1984 USAMO Problems/Problem 2

Problem

The geometric mean of any set of $m$ non-negative numbers is the $m$ -th root of their product.

$\quad (\text{i})\quad$ For which positive integers $n$ is there a finite set $S_n$ of $n$ distinct positive integers such that the geometric mean of any subset of $S_n$ is an integer?

$\quad (\text{ii})\quad$ Is there an infinite set $S$ of distinct positive integers such that the geometric mean of any finite subset of $S$ is an integer?

Solution

a) We claim that for any numbers $p_1$ , $p_2$ , ... $p_n$ , $p_1^{n!}, p_2^{n!}, ... p_n^{n!}$ will satisfy the condition, which holds for any number $n$ .

Since $\sqrt[n] ab = \sqrt[n] a * \sqrt[n] b$ , we can separate each geometric mean into the product of parts, where each part is the $k$ th root of each member of the subset and the subset has $k$ members.

Assume our subset has $k$ members. Then, we know that the $k$ th root of each of these members is an integer (namely $p^{n!/k}$ ), because $k \leq n$ and thus $k | n!$ . Since each root is an integer, the geometric mean will also be an integer.
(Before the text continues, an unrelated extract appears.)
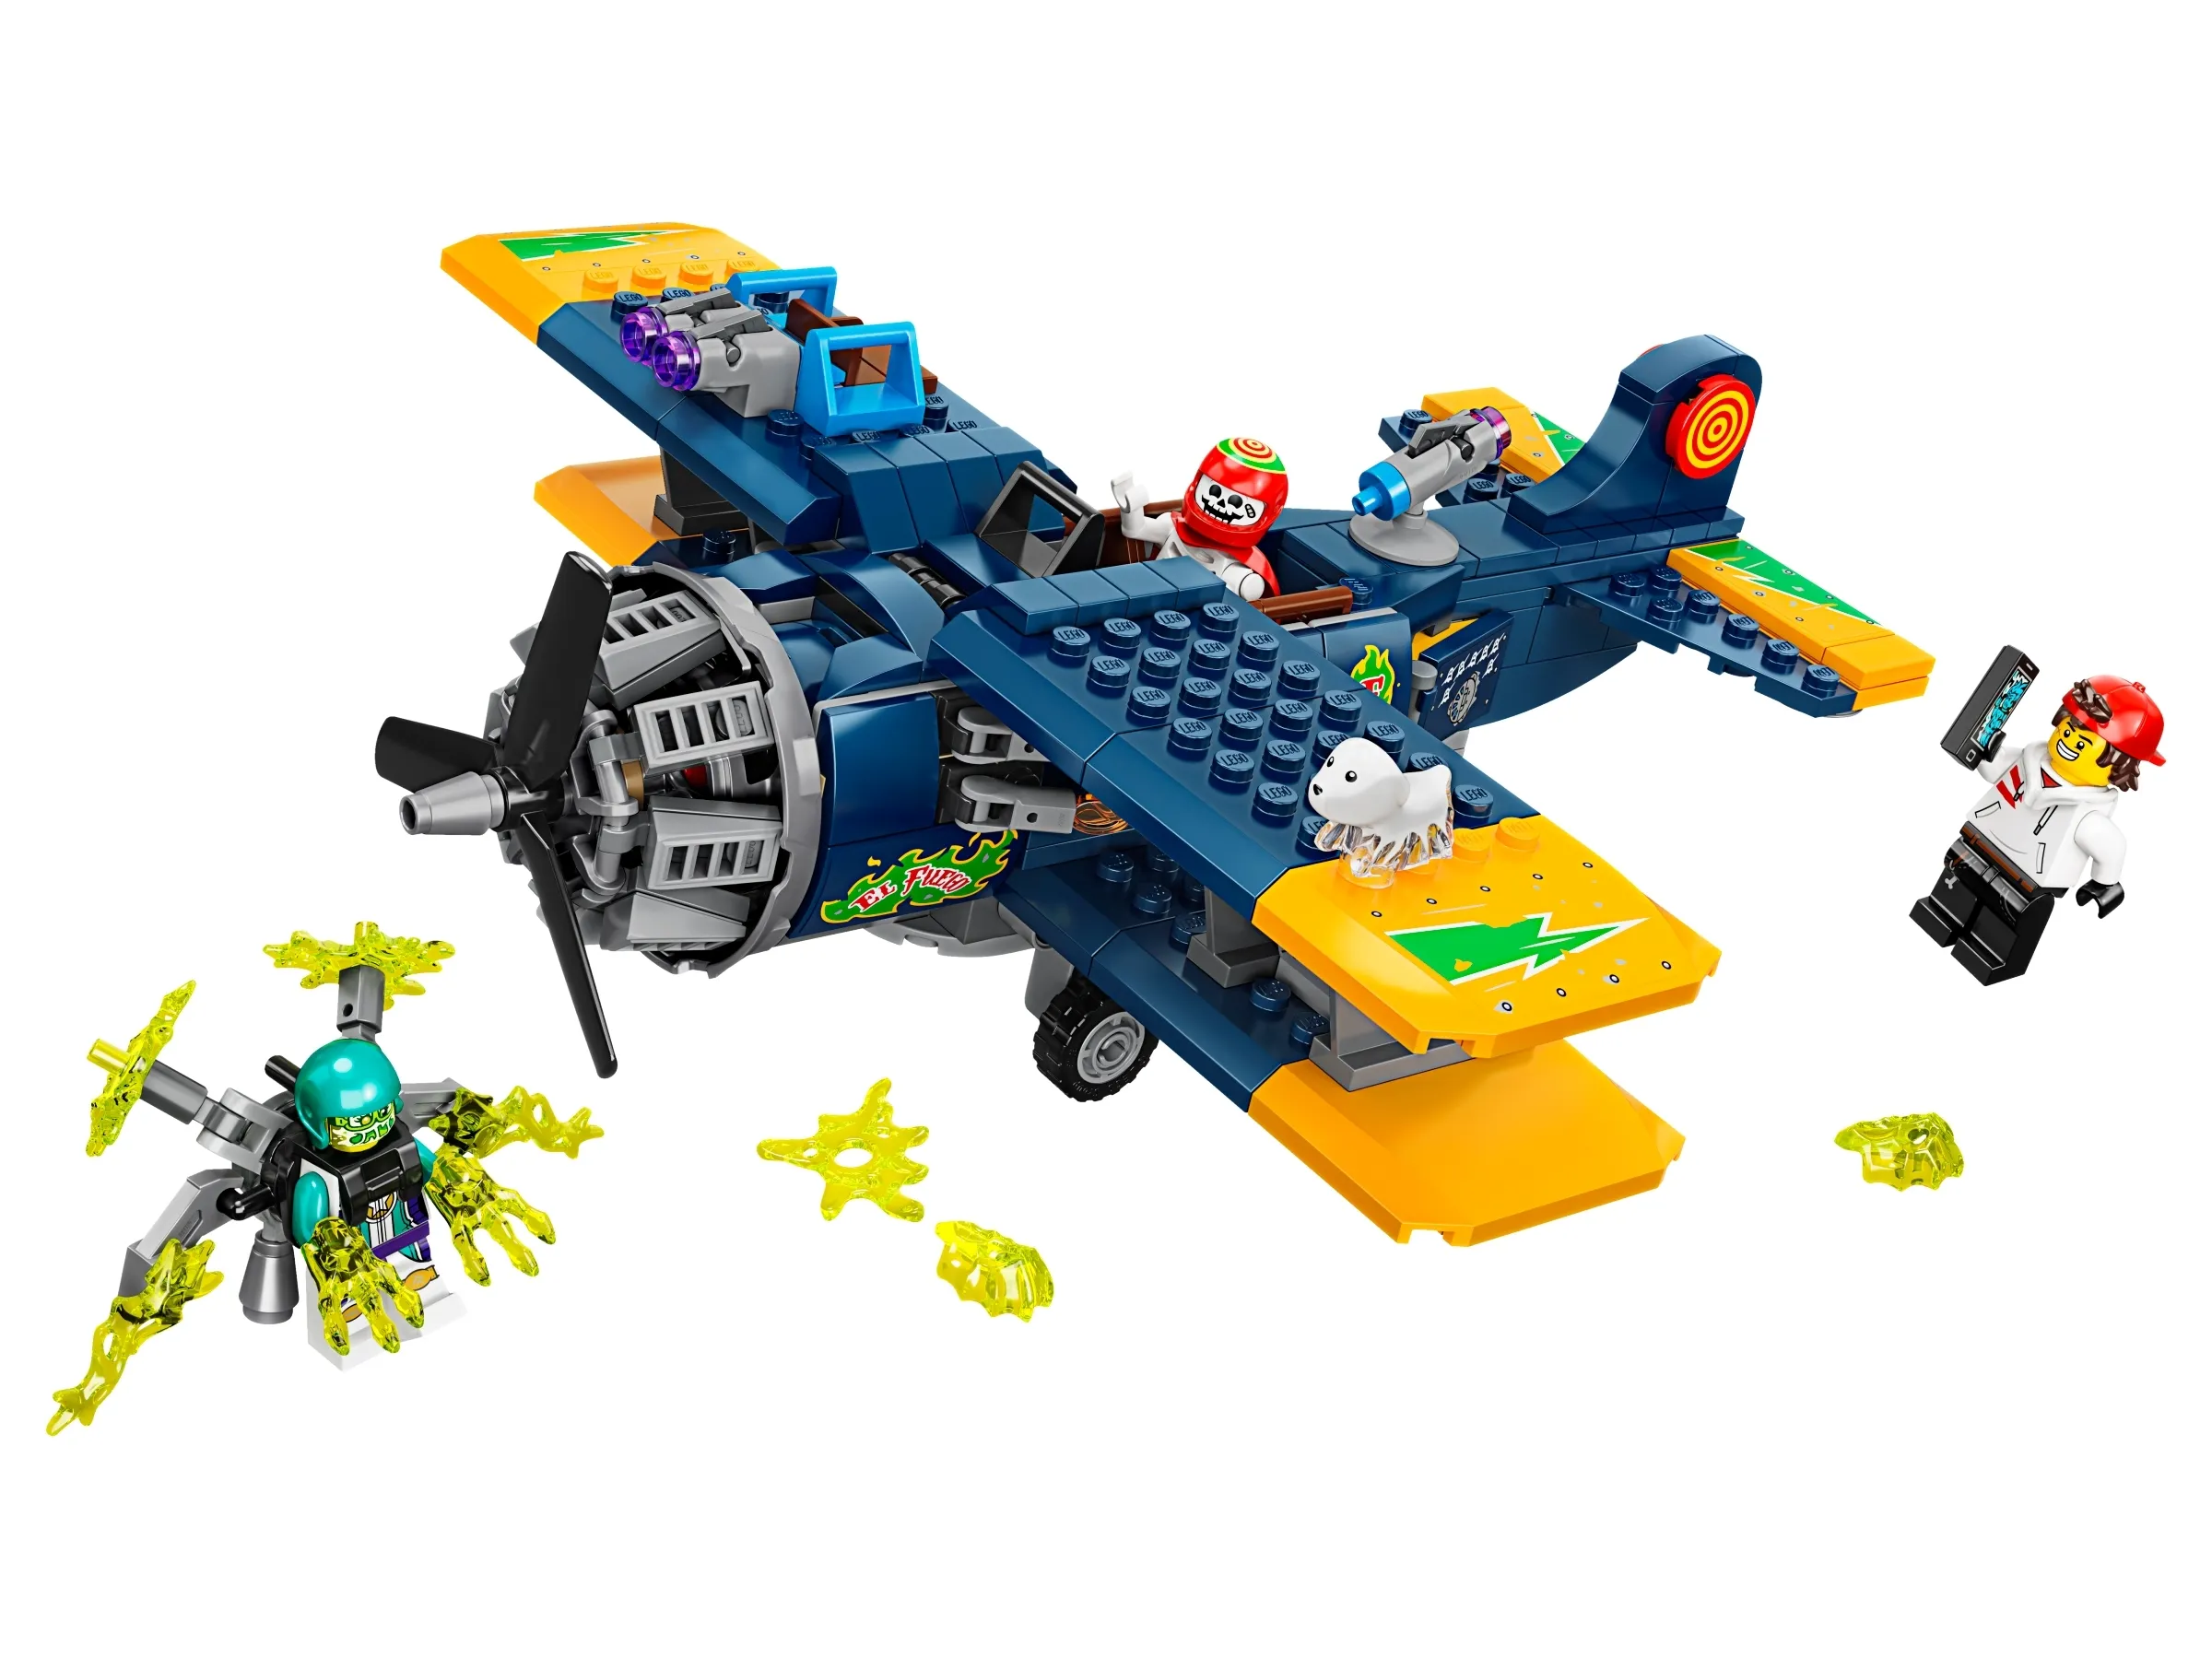 LEGO Hidden Side El Fuego's Stunt Plane • Set 70429

b) If we define $q$ as an arbitrarily large number, and $x$ and $y$ as numbers in set $S$ , we know that ${\sqrt[q]{\frac{x}{y}}}$ is irrational for large enough $q$ , meaning that it cannot be expressed as the fraction of two integers. However, both the geometric mean of the set of $x$ and $q-1$ other arbitrary numbers in $S$ and the set of $y$ and the same other $q-1$ numbers are integers, so since the other numbers cancel out, the geometric means divided, or ${\sqrt[q]{\frac{x}{y}}}$ , must be rational. This is a contradiction, so no such infinite $S$ is possible.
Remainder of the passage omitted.